OsMADS1 controls rice (Oryza sativa) floral fate and organ development. Yet, its genome-wide targets and the mechanisms underlying its role as a transcription regulator controlling developmental gene expression are unknown. We identify 3112 gene-associated OsMADS1-bound sites in the floret genome. These occur in the vicinity of transcription start sites, within gene bodies, and in intergenic regions. Majority of the bound DNA contained CArG motif variants or, in several cases, only A-tracts. Sequences flanking the binding peak had a higher AT nucleotide content, implying that broader DNA structural features may define in planta binding. Sequences for binding by other transcription factor families like MYC, AP2/ERF, bZIP, etc. are enriched in OsMADS1-bound DNAs.

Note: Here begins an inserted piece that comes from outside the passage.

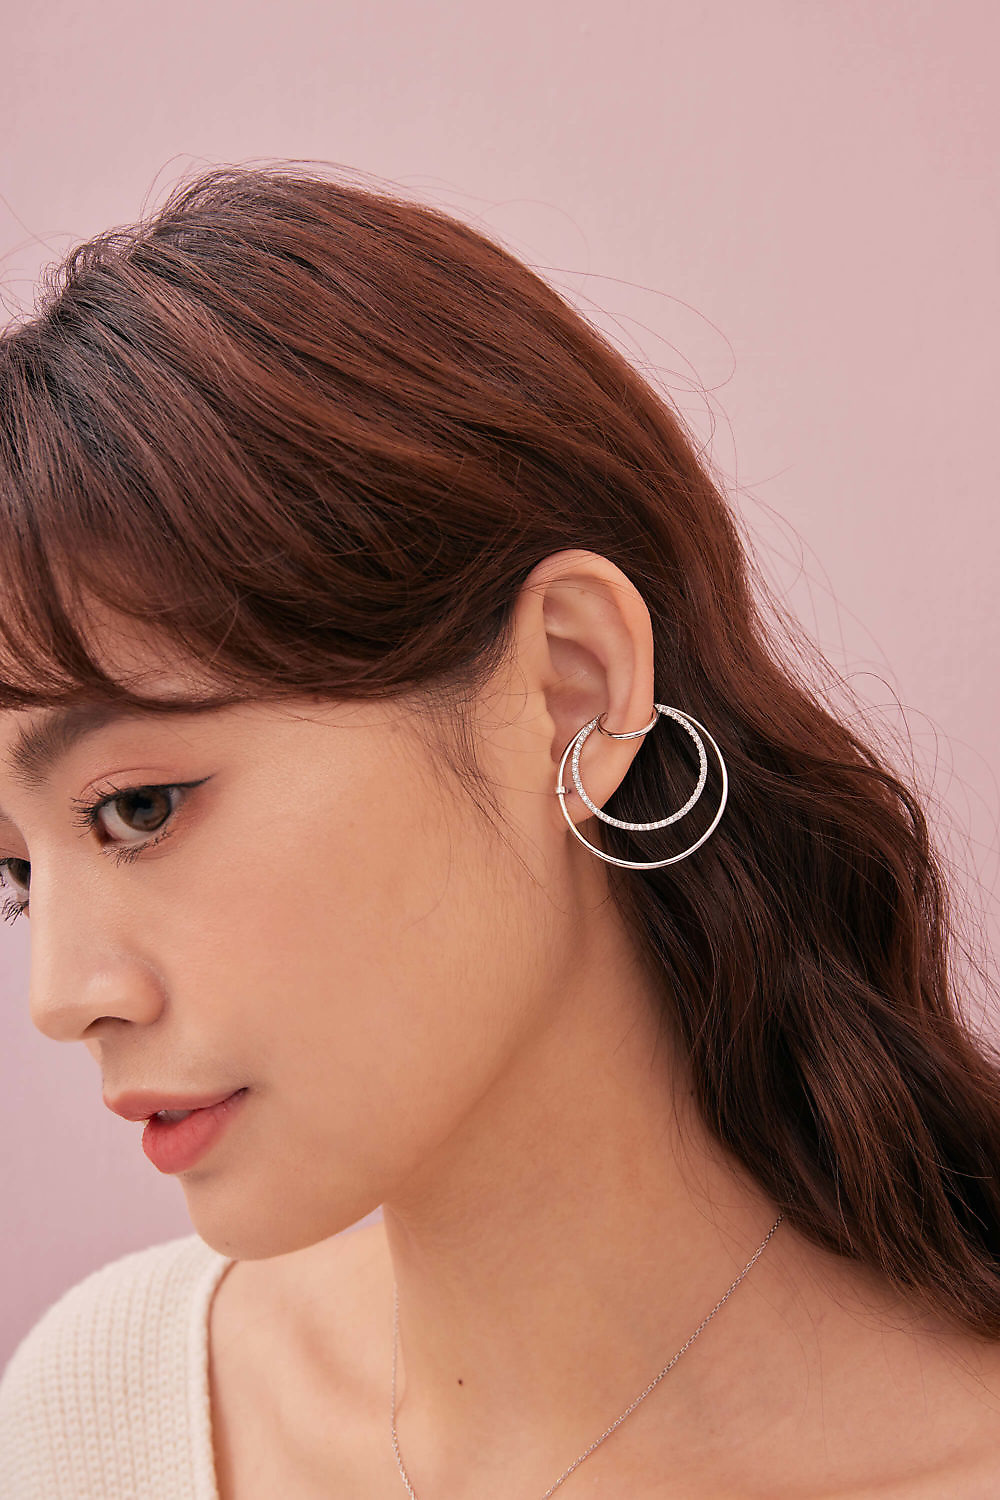 Eco安珂,韓國飾品,韓國耳環,耳針式耳環,耳骨耳環,大圈耳環,大耳環,貼耳耳環,鑲鑽耳環,不對稱耳環
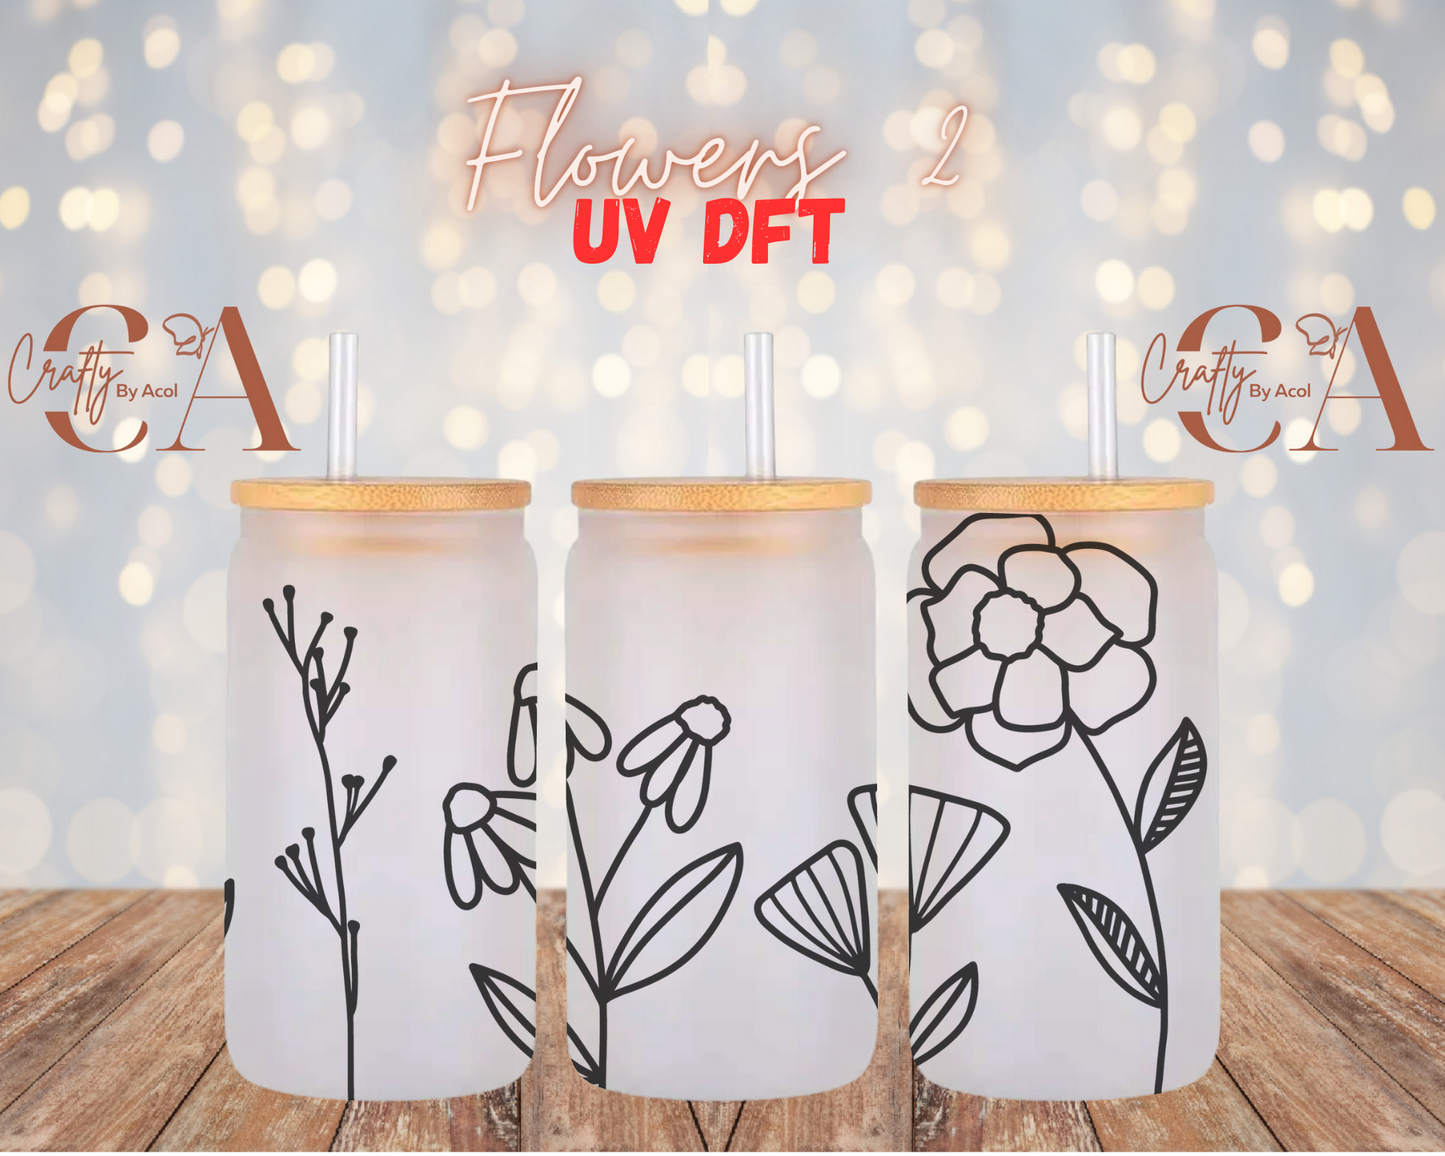 Flowers 2 UV DFT Cup Wrap

Target genes implicated in transcription, chromatin remodeling, cellular processes, and hormone metabolism were enriched. Combining expression data from OsMADS1 knockdown florets with these DNA binding data, a snapshot of a gene regulatory network was deduced where targets, such as AP2/ERF and bHLH transcription factors and chromatin remodelers form nodes. We show that the expression status of these nodal factors can be altered by inducing the OsMADS1-GR fusion protein and present a model for a regulatory cascade where the direct targets of OsMADS1, OsbHLH108/SPT, OsERF034, and OsHSF24, in turn control genes such as OsMADS32 and OsYABBY5. This cascade, with other similar relationships, cumulatively contributes to floral organ development. Overall, OsMADS1 binds to several regulatory genes and, probably in combination with other factors, controls a gene regulatory network that ensures rice floret development.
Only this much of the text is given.